## TASK TO COMPLETE
Type out the whole listing again exactly, pictures omitted.

## INFORMATION SUPPLIED
<<<<
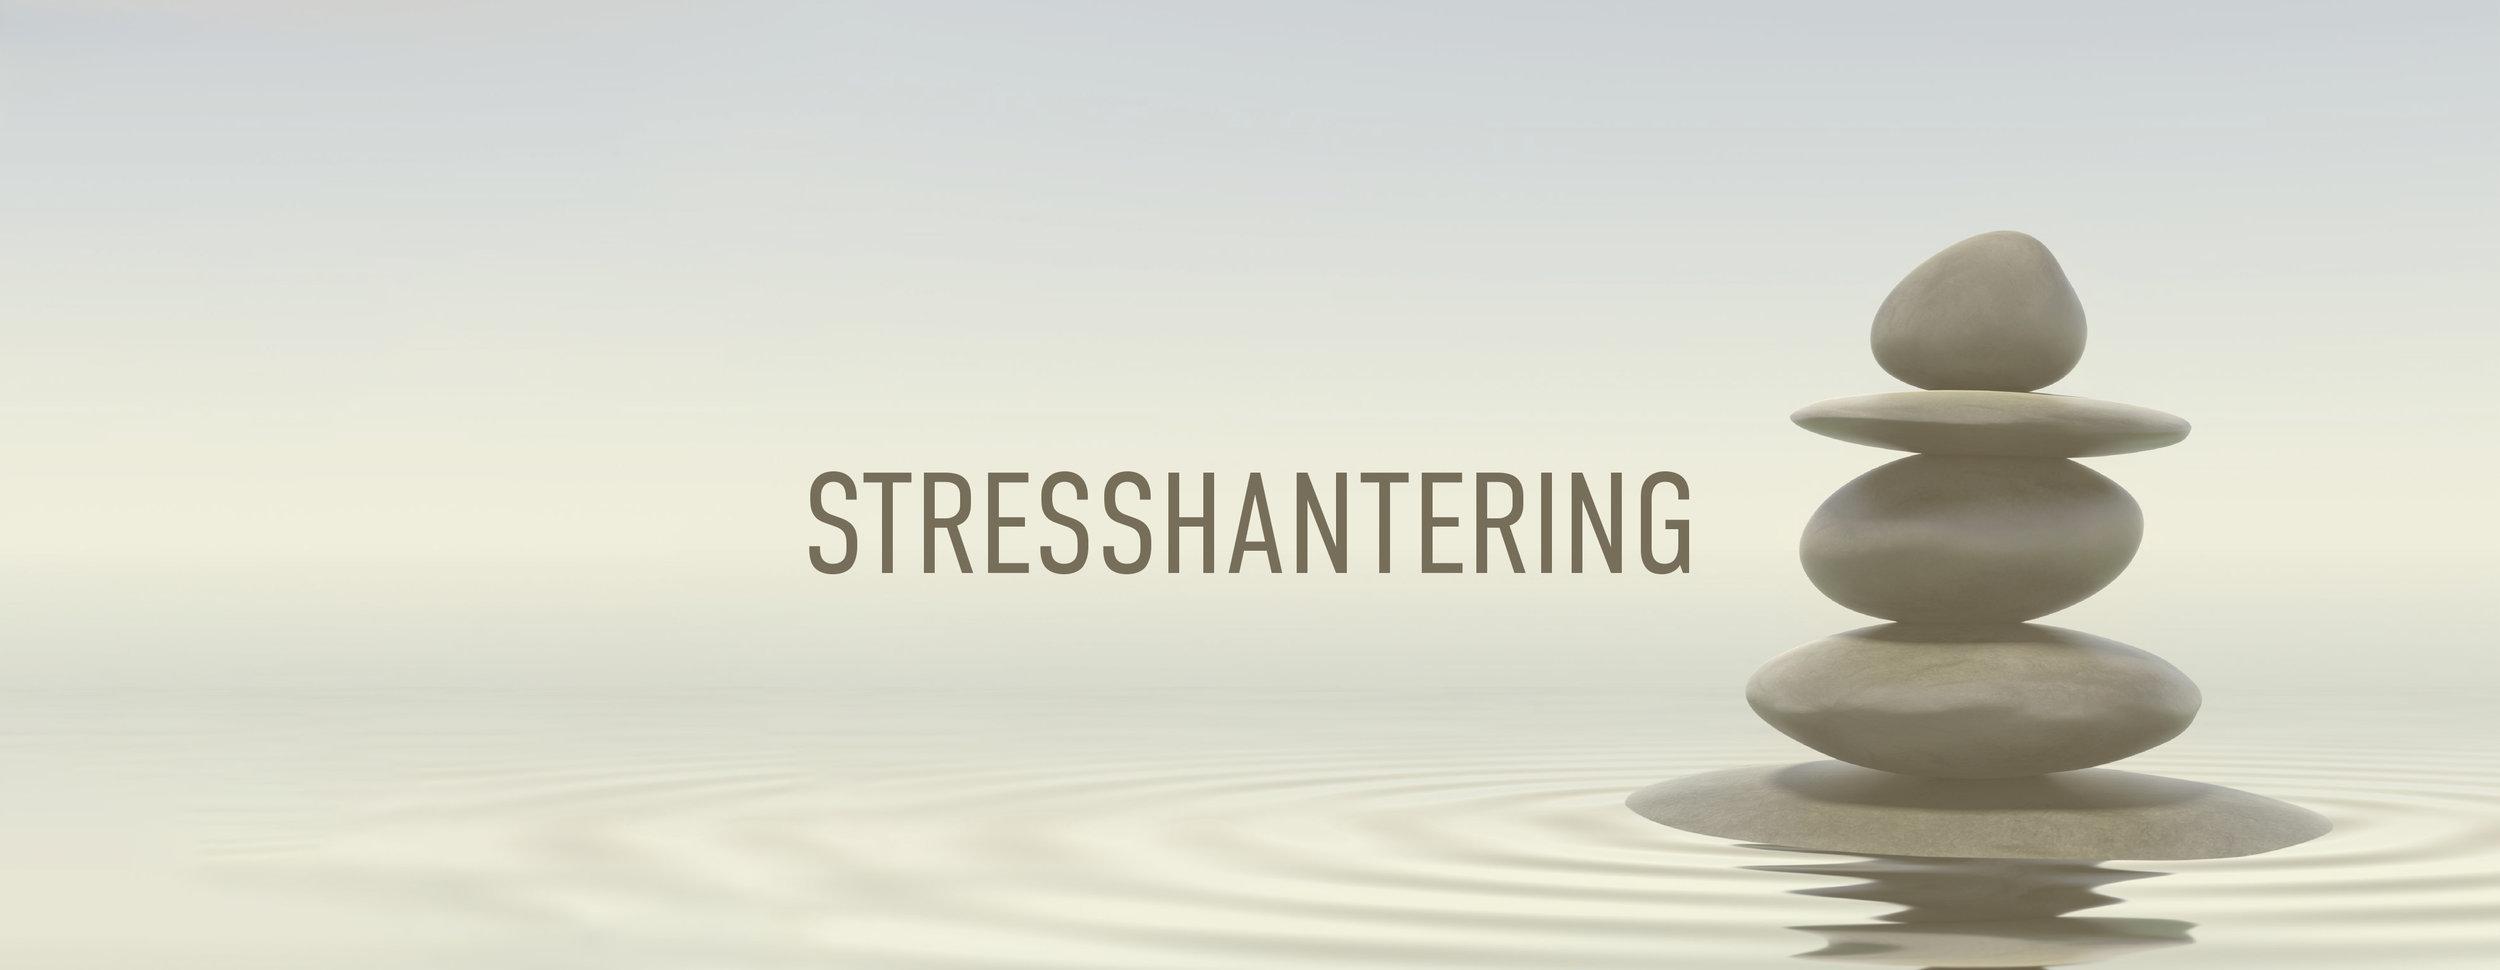 stresshantering.jpg
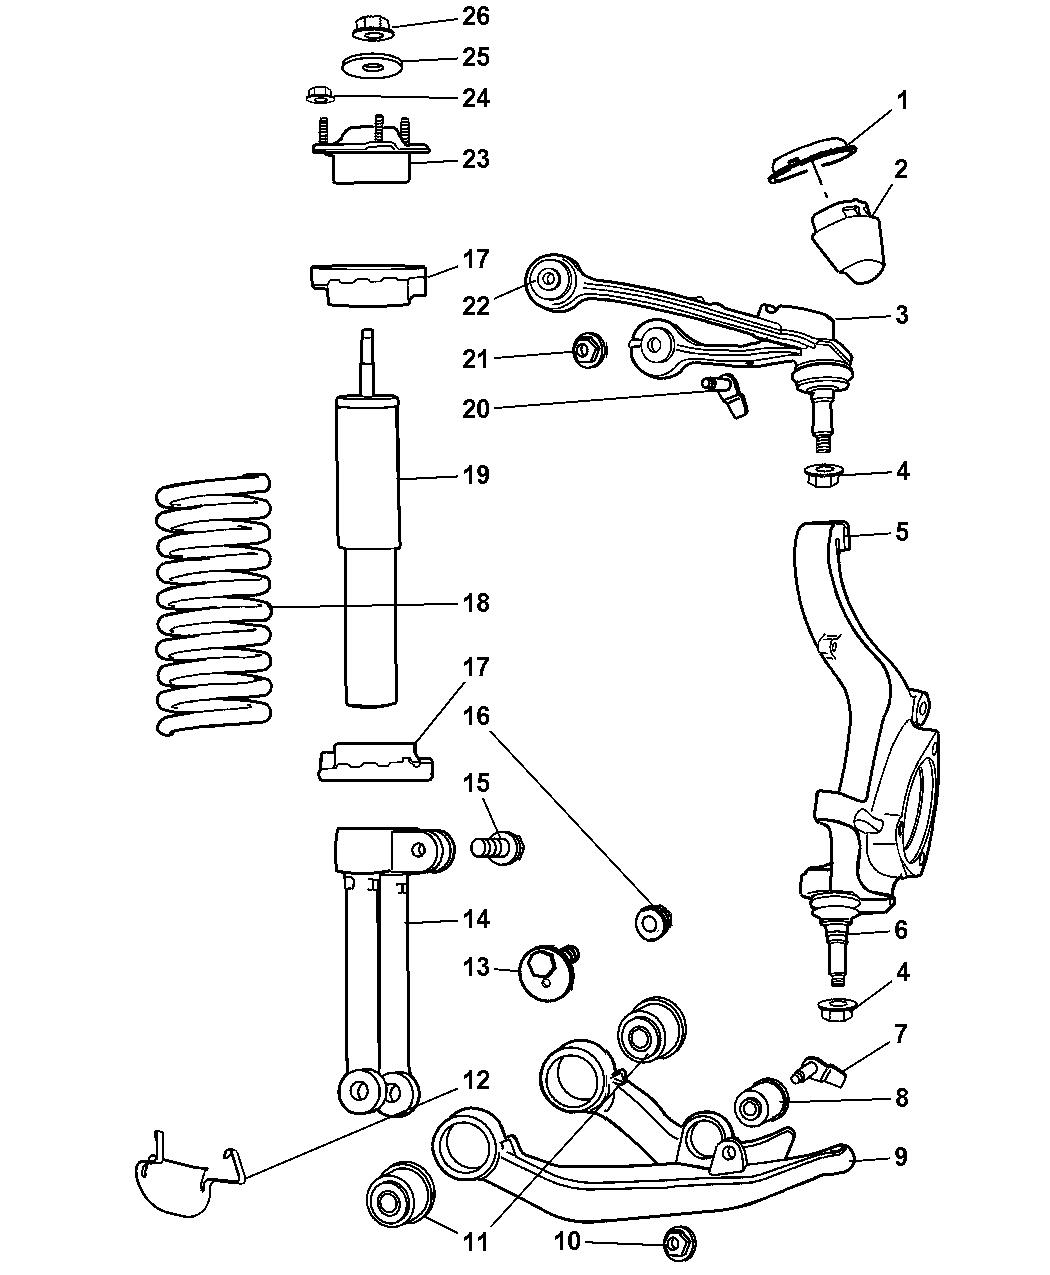 2005 Jeep Liberty Suspension
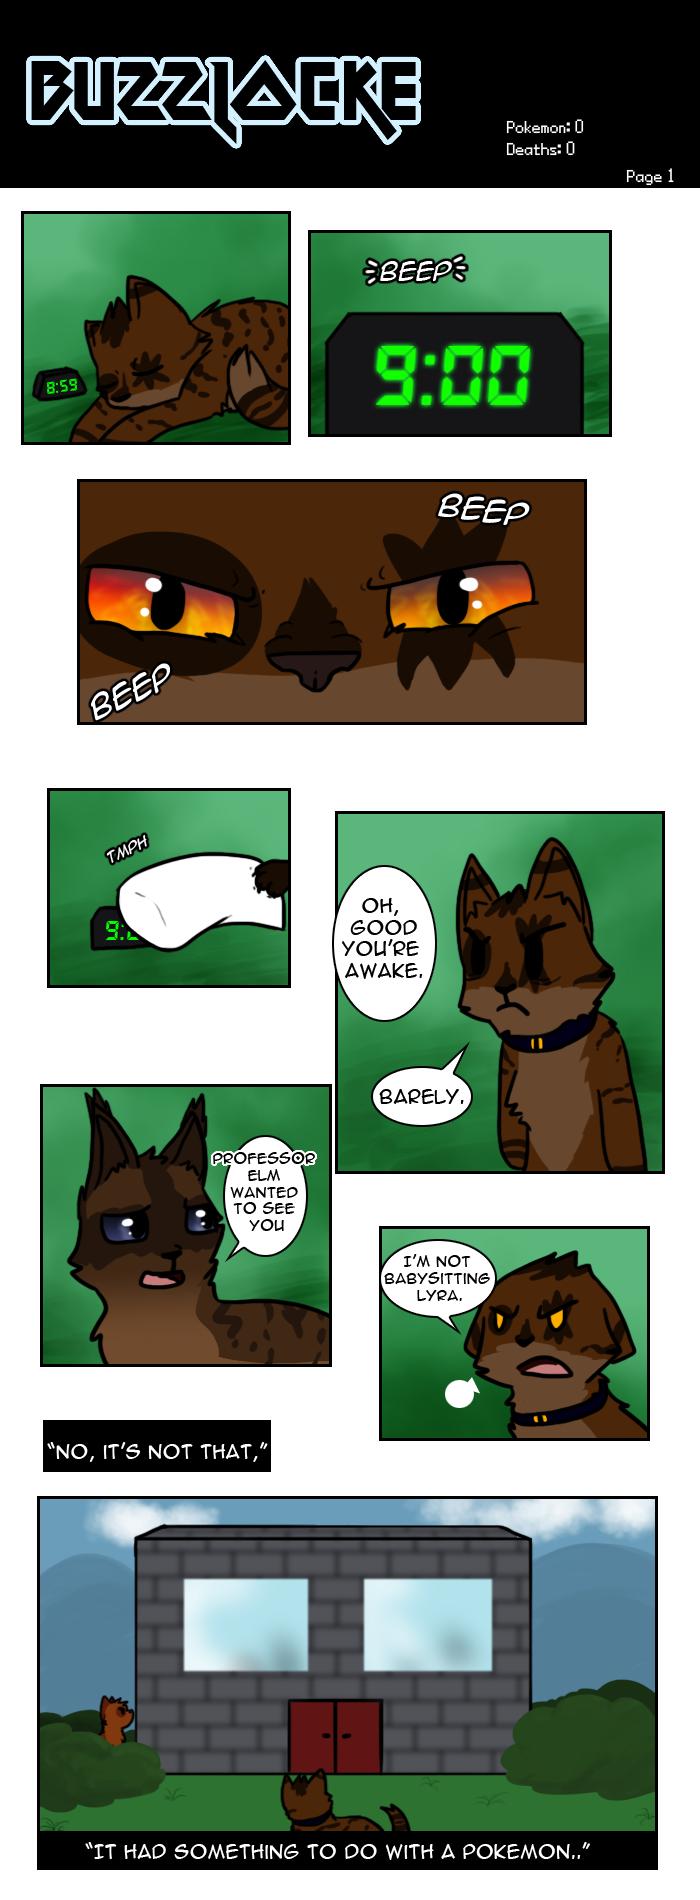 Buzzlocke page 1 by Spiritpie
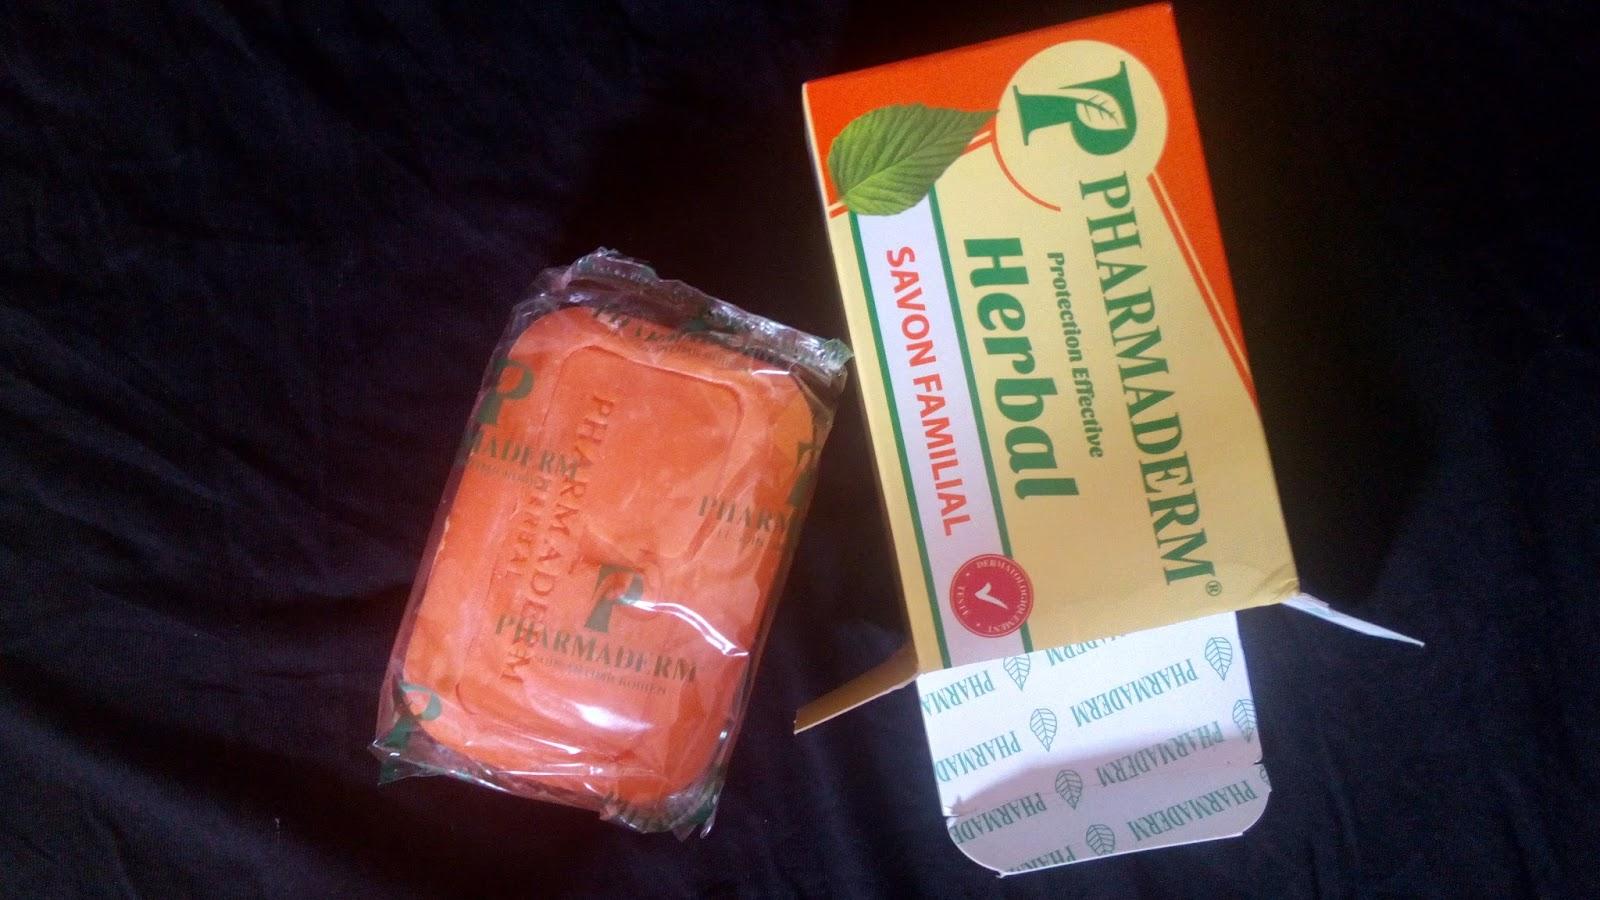 pharmaderm antiseptic soap, pharmaderm apricot soap, pharmaderm care soap, pharmaderm cream and soap, pharmaderm exfoliating beauty soap, pharmaderm herbal family soap, pharmaderm herbal soap, pharmaderm soap, pharmaderm soap for acne, pharmaderm soap for pimples, pharmaderm soap reviews
>>>>
## ANSWER SECTION
 stresshantering.jpg
 2005 Jeep Liberty Suspension
 Buzzlocke page 1 by Spiritpie
 pharmaderm antiseptic soap, pharmaderm apricot soap, pharmaderm care soap, pharmaderm cream and soap, pharmaderm exfoliating beauty soap, pharmaderm herbal family soap, pharmaderm herbal soap, pharmaderm soap, pharmaderm soap for acne, pharmaderm soap for pimples, pharmaderm soap reviews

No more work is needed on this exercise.